# Грыжа 15 мм, спондилез, спондилоартроз



## Bual (29 Сен 2020)

Добрый день!

Меня зовут Александр! Мне 40 лет. Рост 175 вес 88

Проблемы со спиной у меня около 10 лет. Раз в год/два бывали обострения которые легко снимались уколами мовалиса. В январе покатался на тюбинге и прихватило уже конкретно. Невролог направил на МРТ, выписал кучу уколов и лекарств. Пролечился стало полегче.
       Результаты МРТ выдали такое заключение: Дегенеративно-дистрофические изменения поясничного отдела позвоночника. Грыжа межпозвонкового диска L5-S1. Признаки спондилеза, спондилоартроза. Дегенеративные изменения тел позвонков. Сужение межпозвонковых отверстий L5-S1.
    Нейрохирург сразу сказал, что мне поможет только операция, начал проходить обследования к операции и тут грянул короновирус, плановые операции приостановили. Собственно за этот период я начал читать информацию и засомневался, а поможет ли?
   Боли со стороны спины в данный момент не беспокоят. Но меня очень сильно беспокоят боли в ребрах с левой стороны спереди, боли постоянные рапирающего характера, от этих болей у меня  сильно поднимается давление. Принимаю сирдалуд но помогает не особо. Нимесил и прочие НПВП не помогают.
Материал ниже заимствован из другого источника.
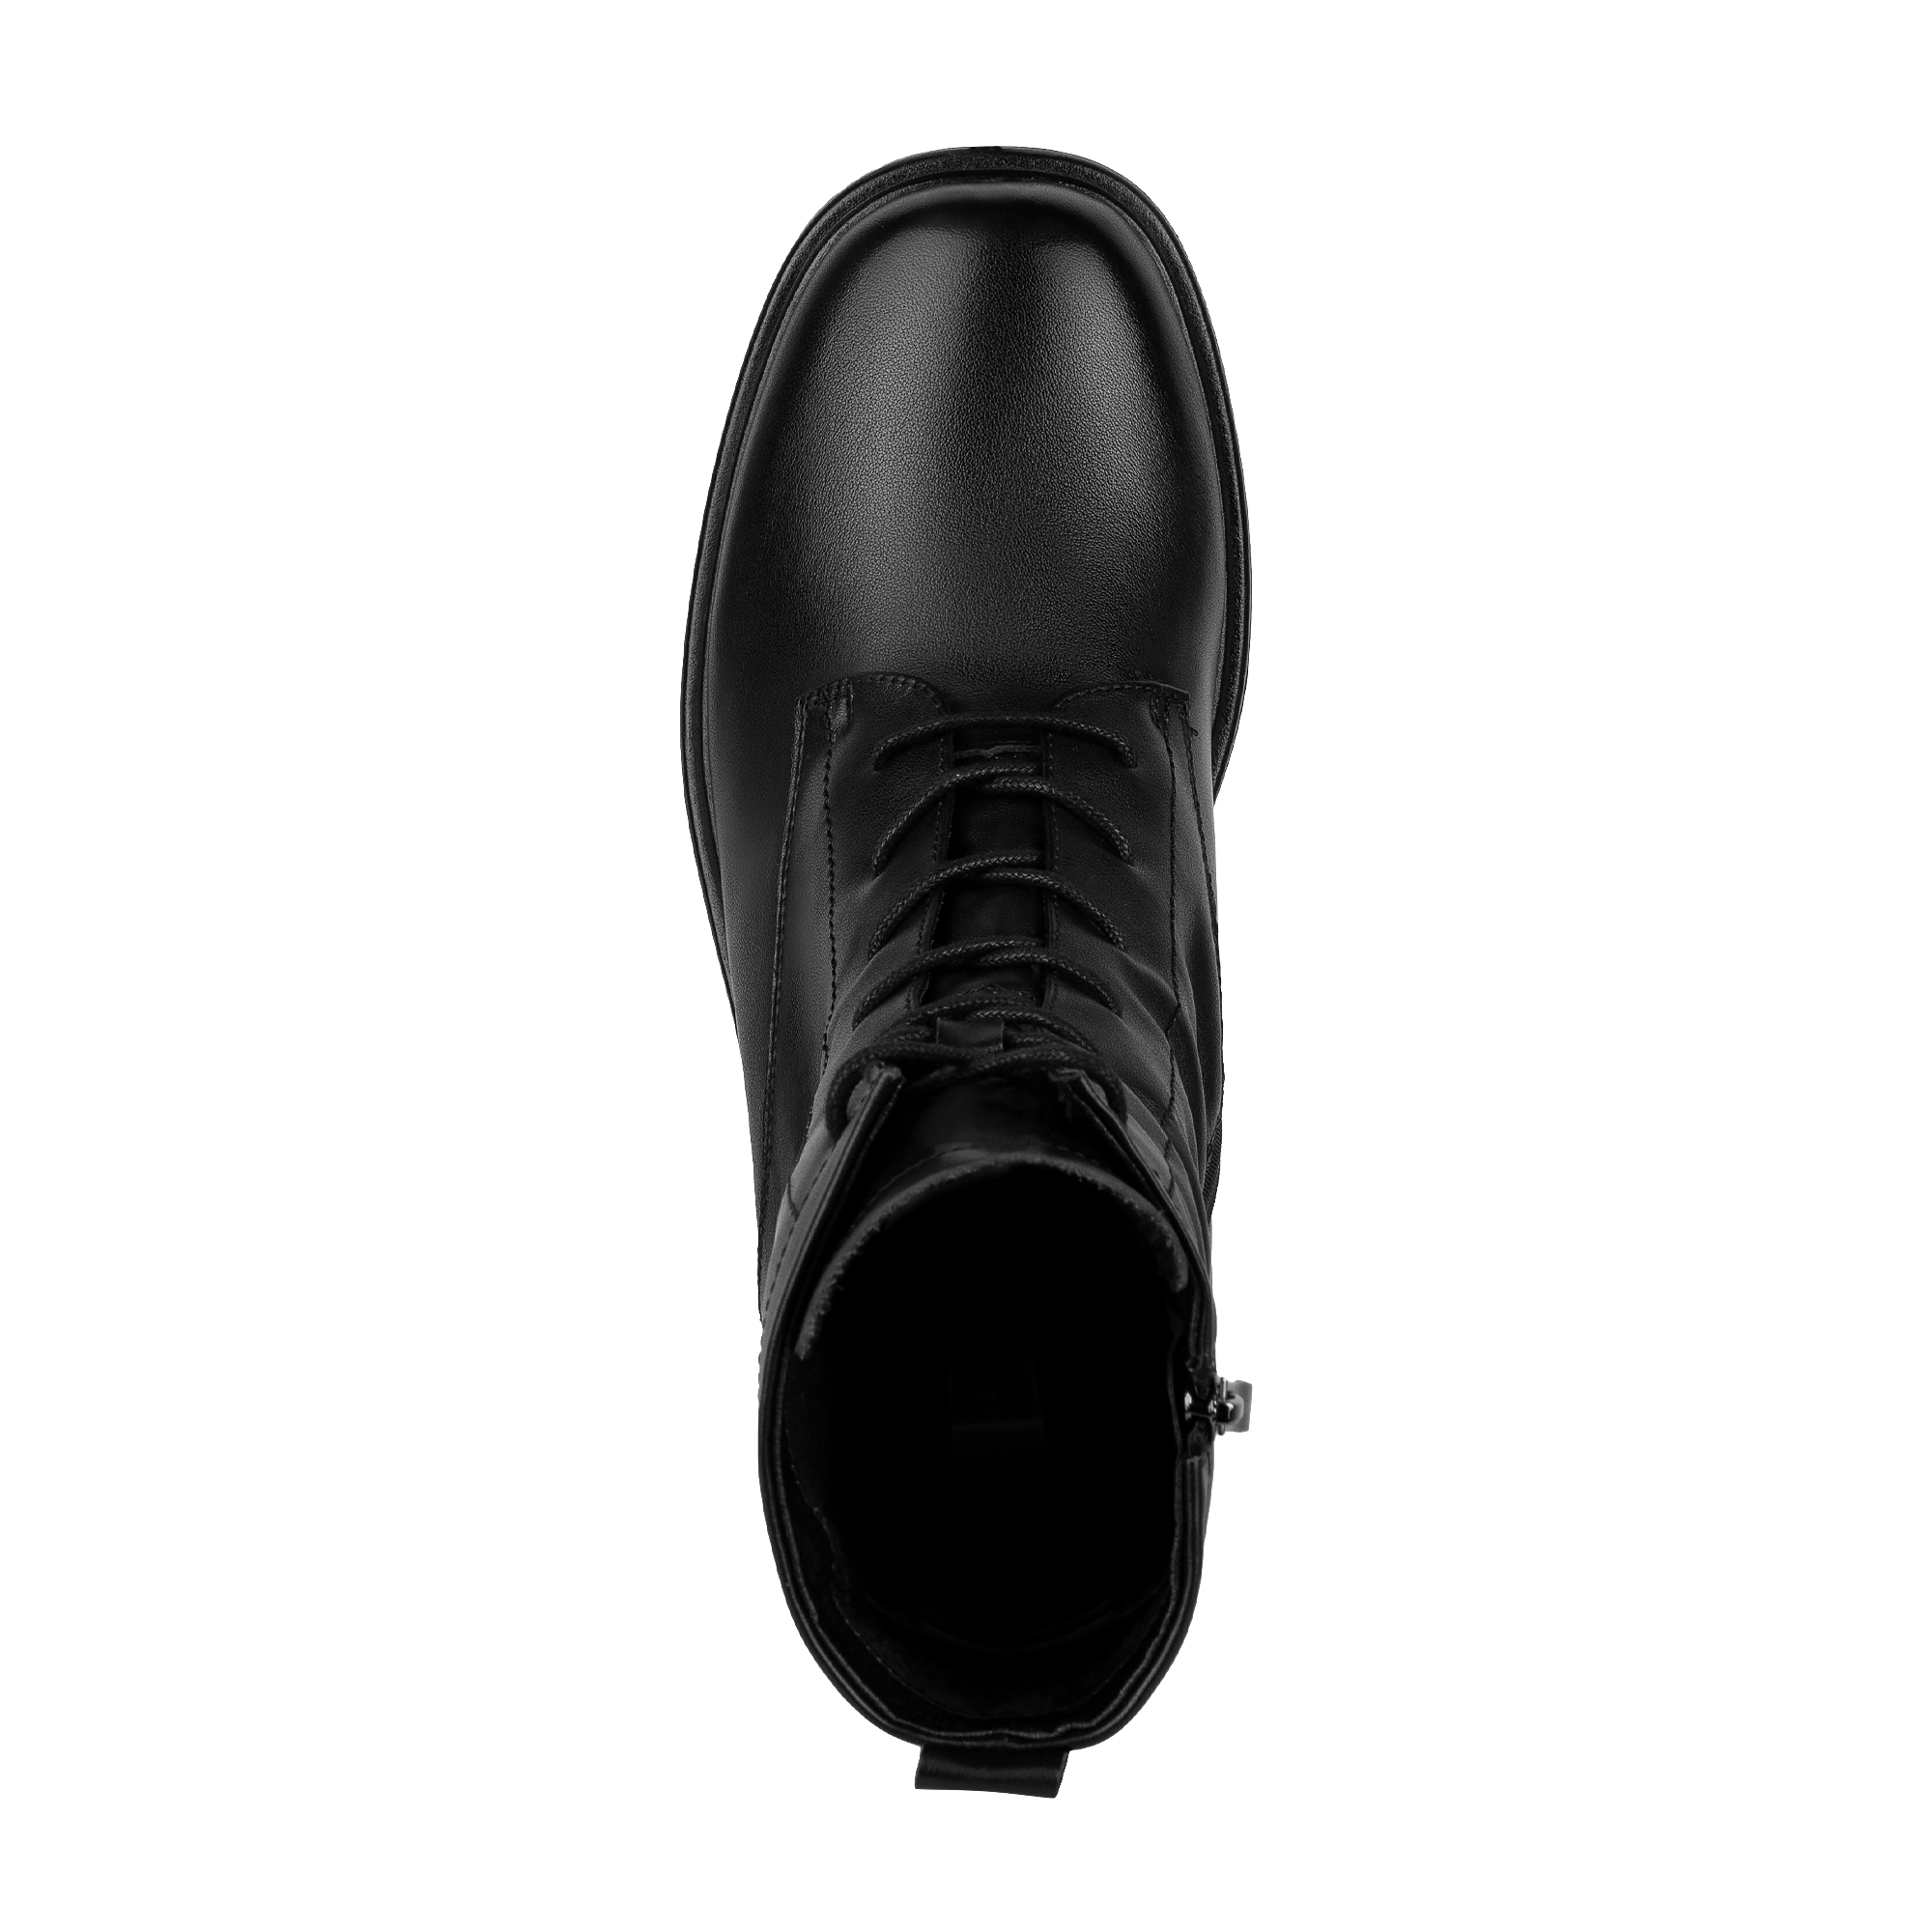 Ботинки Thomas Munz 234-070A-2102, цвет черный, размер 37 - фото 5

    Могут ли эти боли быть от грыжи? И поможет ли мне операция?

МРТ


----------



## La murr (29 Сен 2020)

@Bual, Александр, здравствуйте!
Покажите, пожалуйста, имеющиеся снимки врачам форума.
О том, как это сделать, смотрите здесь
Вы можете обратиться к любому специалисту форума на странице его личного профиля или в переписке, дав ссылку на свою тему и задав вопросы, которые Вас интересуют.


----------



## Bual (29 Сен 2020)

Снимки     https://yadi.sk/d/K_bDR554re7SsA?w=1


----------



## Доктор Ступин (29 Сен 2020)

> ....Но меня очень сильно беспокоят боли в ребрах с левой стороны спереди, боли постоянные распирающего характера, от этих болей у меня сильно поднимается давление.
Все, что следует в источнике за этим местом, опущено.